Rabu 19 May 2021 06:23 WIB

Jepang Cabut Perubahan RUU Imigrasi yang Ketat

Pemerintah Jepang cabut RUU yang akan mempermudah mendeportasi pencari suaka

Rep: Dwina Agustin/ Red: Christiyaningsih
Perdana Menteri Jepang Yoshihide Suga. Ilustrasi.
Foto: AP/Sadayuki Goto/Kyodo News
Perdana Menteri Jepang Yoshihide Suga. Ilustrasi.

REPUBLIKA.CO.ID, TOKYO -- Pemerintah Jepang mencabut Rancangan Undang-Undang (RUU) yang akan mempermudah mendeportasi pelamar yang gagal untuk status pengungsi, Selasa (18/5). Keputusan ini diambil setelah kematian seorang perempuan Sri Lanka di pusat penahanan imigrasi yang memicu kecaman pada Maret lalu.

Anggota Partai Demokrat Liberal (LDP) yang berkuasa mengabaikan upaya untuk meloloskan perombakan UU imigrasi. Artinya pencari suaka dapat dideportasi setelah permohonan ketiga mereka gagal.

Baca Juga

Pemerintah mengatakan perubahan itu akan menyelesaikan masalah penahanan lama pencari suaka. Pengacara, anggota parlemen oposisi, dan kelompok hak asasi manusia mengatakan itu bertentangan dengan norma internasional.

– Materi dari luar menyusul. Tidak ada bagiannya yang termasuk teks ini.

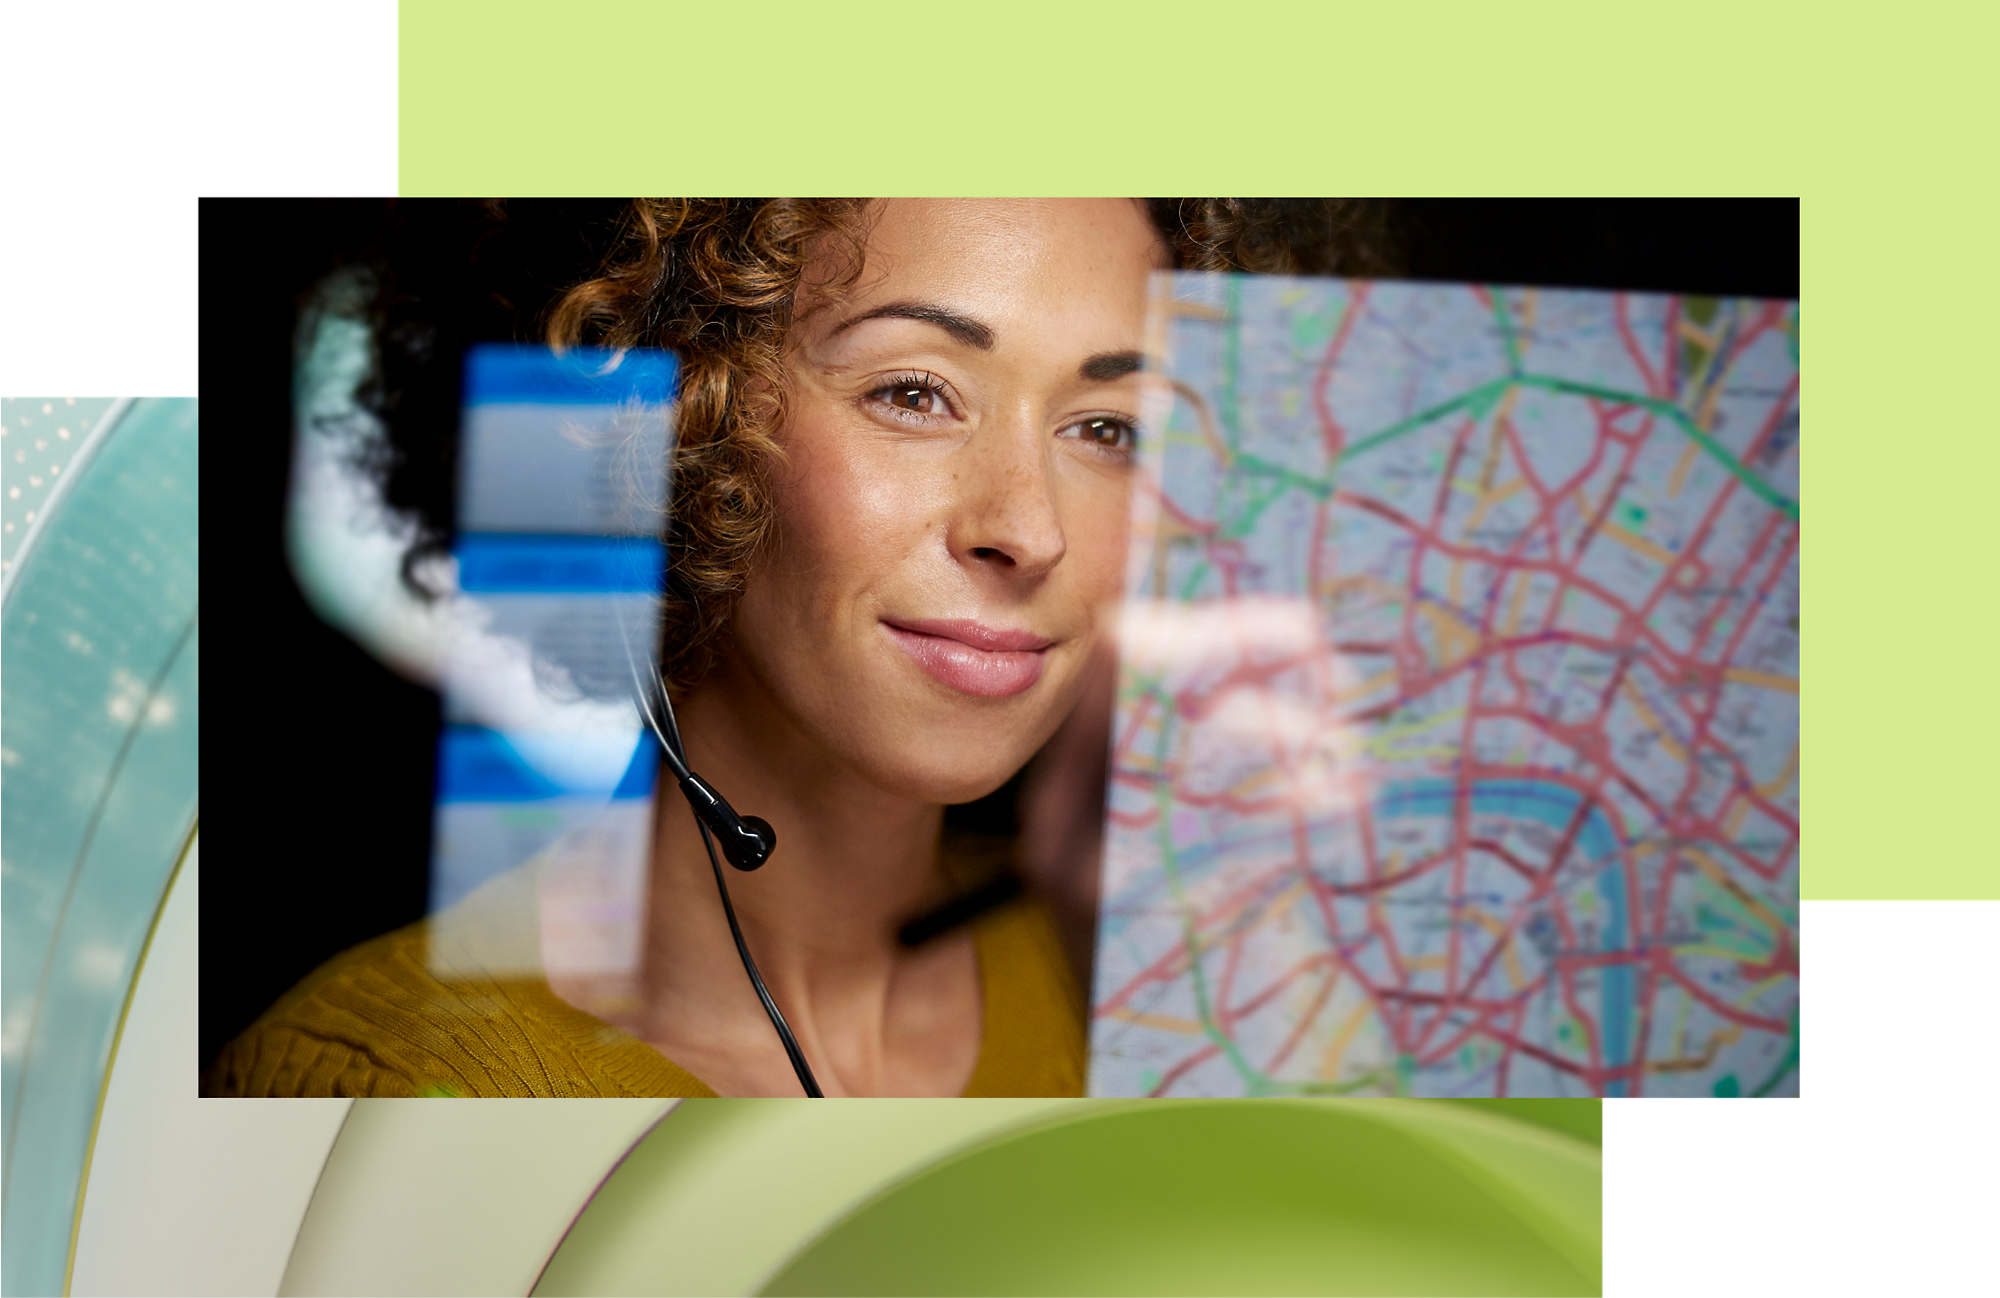 Kundendienstmitarbeiter mit Headset, der lächelnd auf eine Karte auf einem digitalen Bildschirm schaut
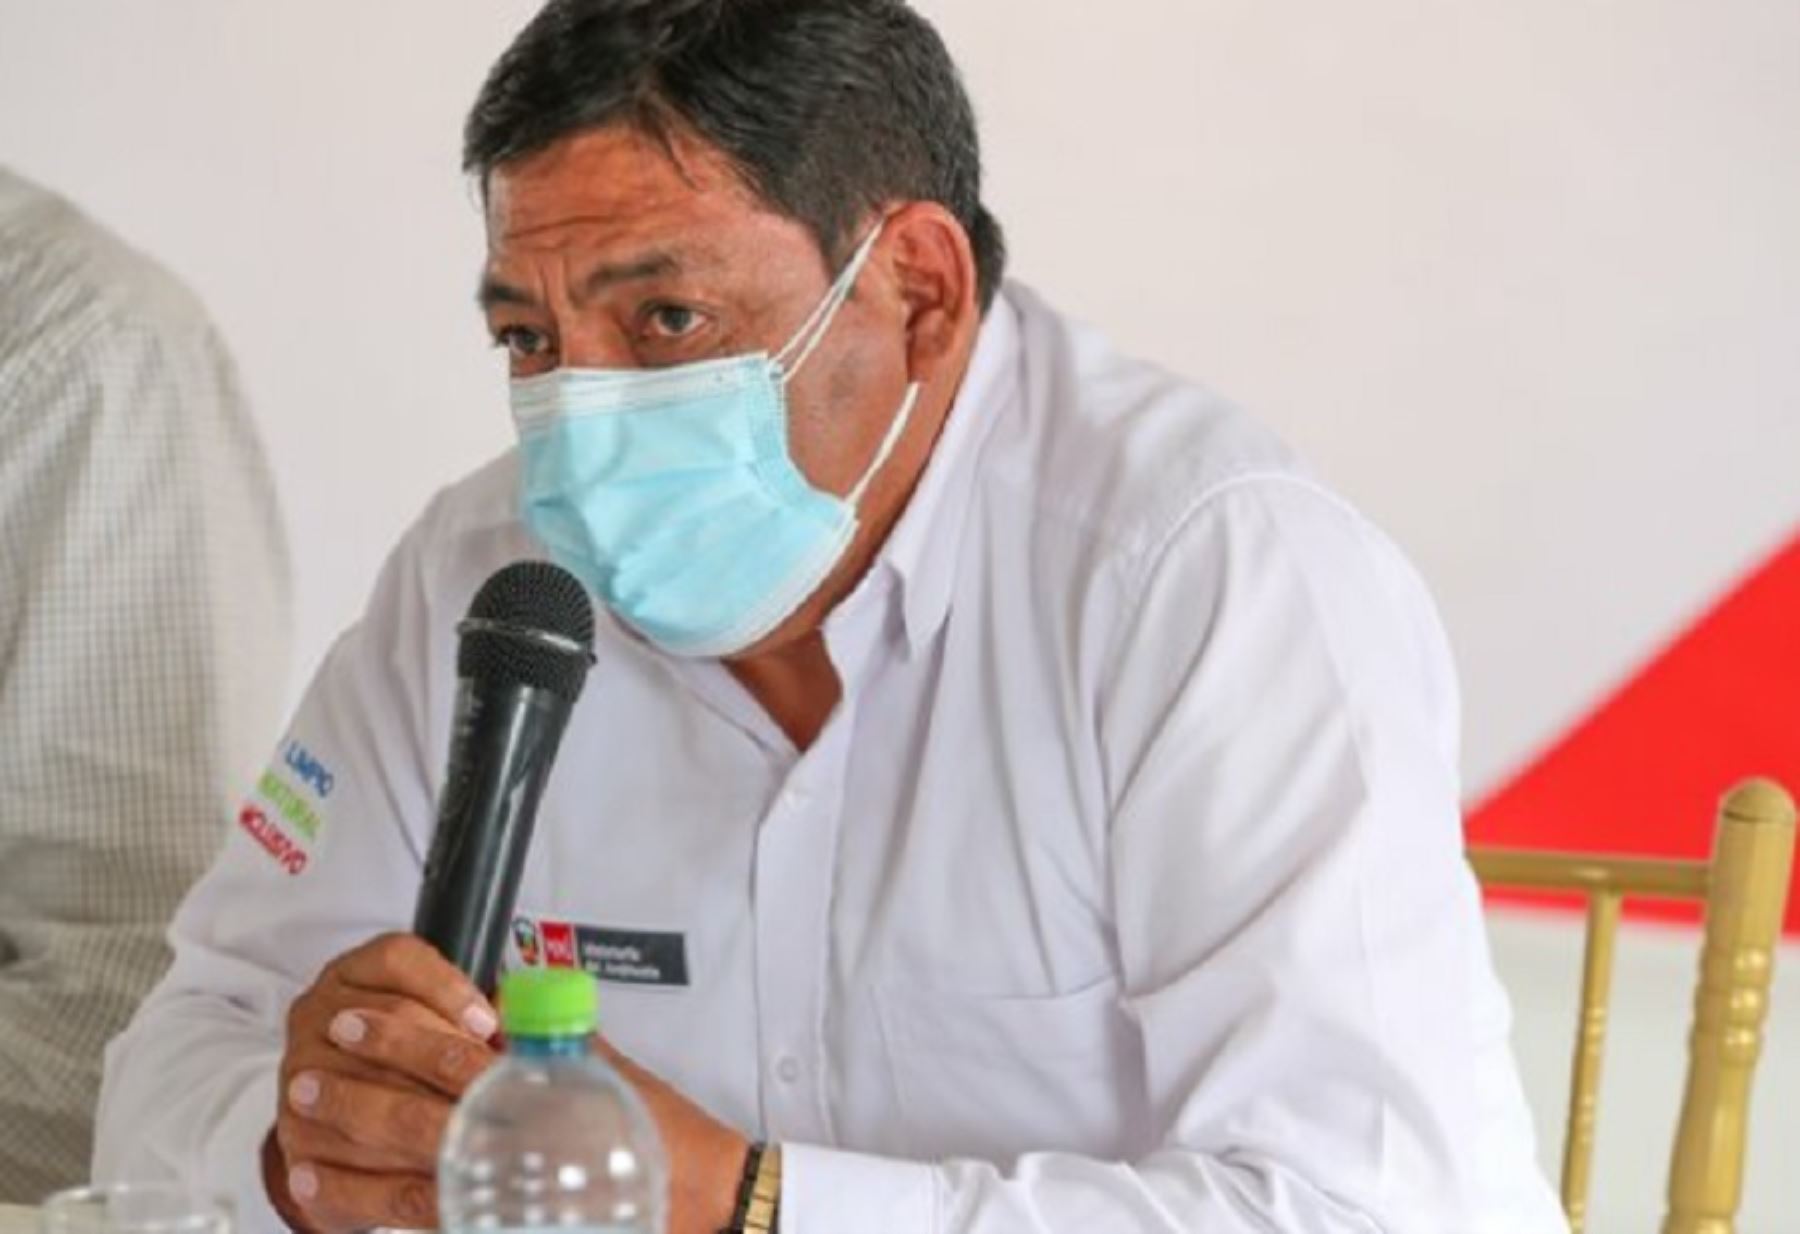 El ministro del Ambiente, Rubén Ramírez, manifestó que su sector se encuentra comprometido con las acciones en favor la adecuada gestión y manejo de residuos sólidos, la protección de los recursos naturales y el fortalecimiento de la educación ambiental en la región Moquegua y a nivel nacional.

Perlakuan Jepang terhadap orang asing yang menghadapi deportasi menjadi sorotan lagi setelah kematian Wishma Sandamali yang berusia 33 tahun di pusat penahanan imigrasi di pusat kota Nagoya. Dia meninggal pada awal Maret setelah mengeluh sakit perut dan gejala lainnya sejak pertengahan Januari.

Sandamali pergi ke polisi pada Agustus tahun lalu untuk meminta bantuan dengan kekerasan dalam rumah tangga dan kemudian ditahan karena memperpanjang visanya. Anggota parlemen oposisi telah mendorong pihak berwenang untuk menunjukkan rekaman video keluarga Sandamali saat ditahan, tetapi itu ditolak karena masalah keamanan.

Kritik terhadap aturan tersebut meningkat secara daring dan seorang pejabat partai yang berkuasa mengatakan tidak ada gunanya mendorongnya, mengingat reaksi yang semakin meningkat. Dukungan terhadap Perdana Menteri Yoshihide Suga pun turun di bawah 33 persen dalam jajak pendapat baru-baru ini oleh kantor berita Jiji, mencerminkan rasa frustrasinya atas penanganan pandemi.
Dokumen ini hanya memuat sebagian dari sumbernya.